The reciprocal of $ - 1$ is $ - 1$ .
(A) True
(B) False

Answer 1

Hint: Whenever there is an integer, we always assume that it is divisible by $1$ . In this question you have to find the reciprocal of $ - 1$ and for that you have to divide $1$ by this number and after dividing you have to see what outcome is coming out be.

Complete step by step solution:
If we want to find the reciprocal of any number, then we have to divide 1 by this number. The reciprocal of any number is the same as the multiplicative-inverse of a number.
Now,
We have to find the reciprocal of $ - 1$.
So, we have to divide it by $1$.
Therefore,
Reciprocal of $ - 1\, = \,\dfrac{1}{{ - 1}}$
Now, multiplying and dividing $\dfrac{1}{{ - 1}}$ by $ - 1$.
Therefore,
$ \Rightarrow \dfrac{{1 \times - 1}}{{ - 1 \times - 1}} = \dfrac{{ - 1}}{1}$
We can also write $\dfrac{{ - 1}}{1}\,\,as\,\, - 1.$
So, we can see that the reciprocal $ - 1$ is $ - 1$.
Therefore, the correct answer is True and the correct option is (A).

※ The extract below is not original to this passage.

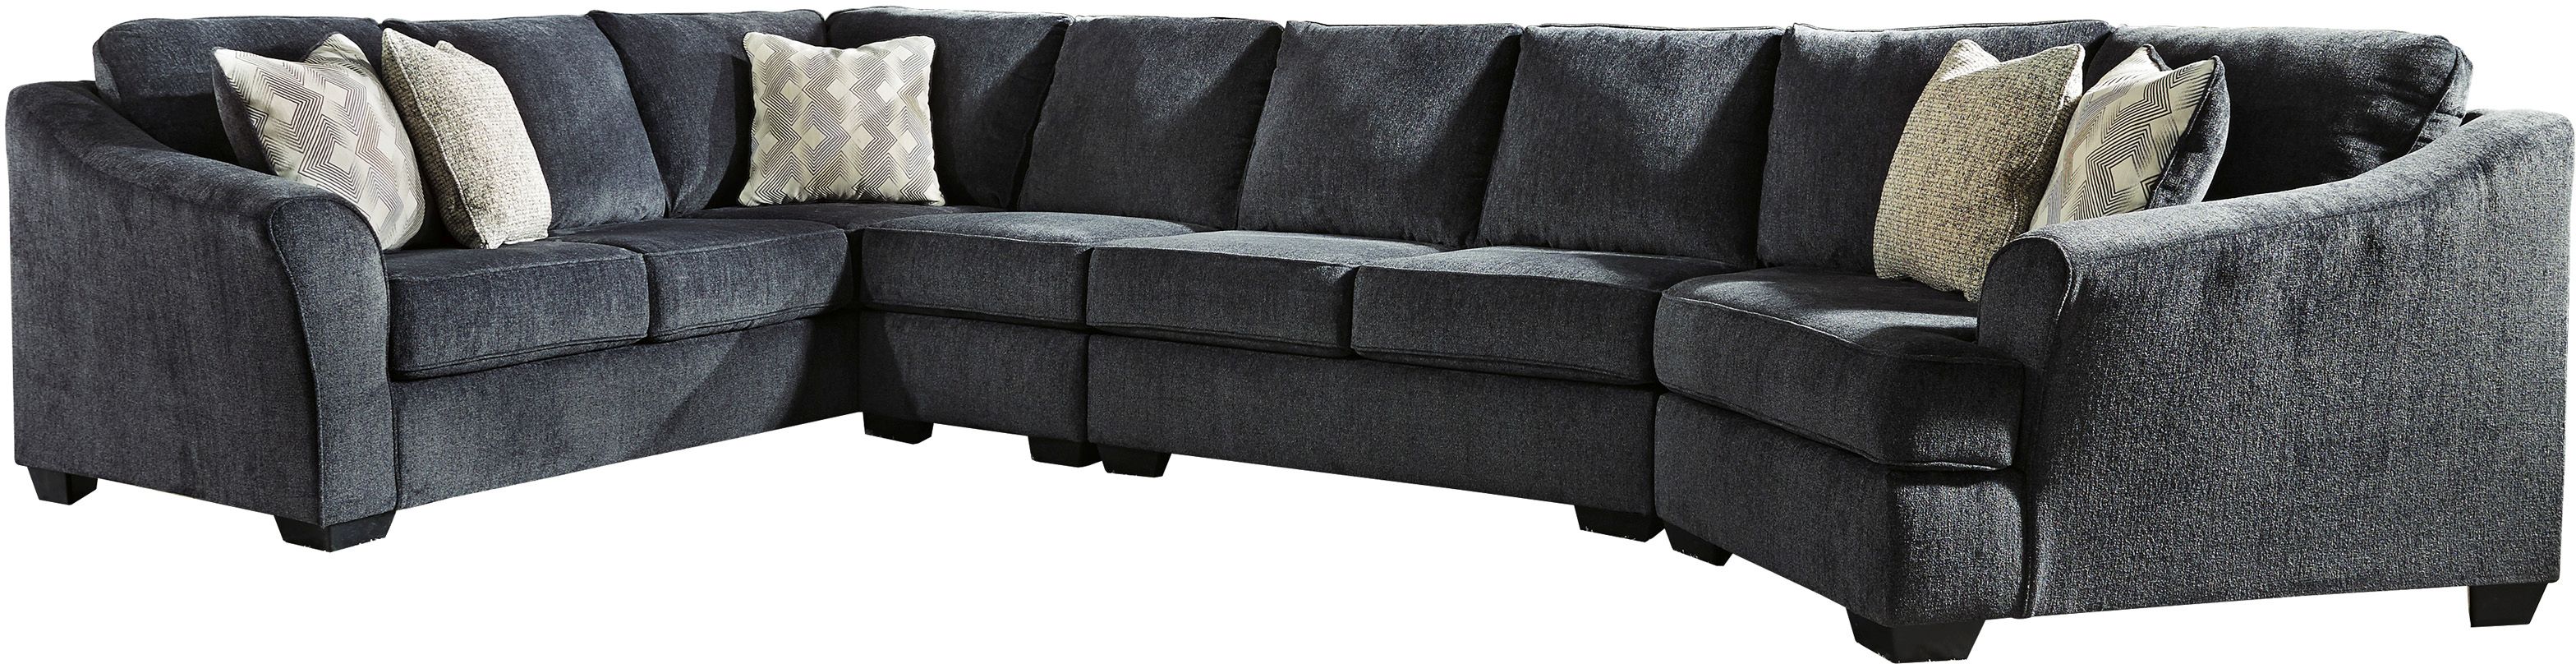 Signature Design by Ashley® Eltmann 4-Piece Slate Sectional with Cuddler

Note: Reciprocal is simply defined as the inverse of a value or a number. If n is a real number, then its reciprocal will be $\dfrac{1}{n}$. Thus, here we convert the number into an upside-down form. For example, the reciprocal of \[9\] is $1$ divided by $9$, i.e. $\dfrac{1}{9}$. Now, if we multiply a number by its reciprocal, it gives a value equal to $1$. Thus, it is also called multiplicative inverse. We cannot apply the reciprocal condition on zero, since it will return an indefinite value. Therefore, we can have reciprocal for all real numbers but not for zero.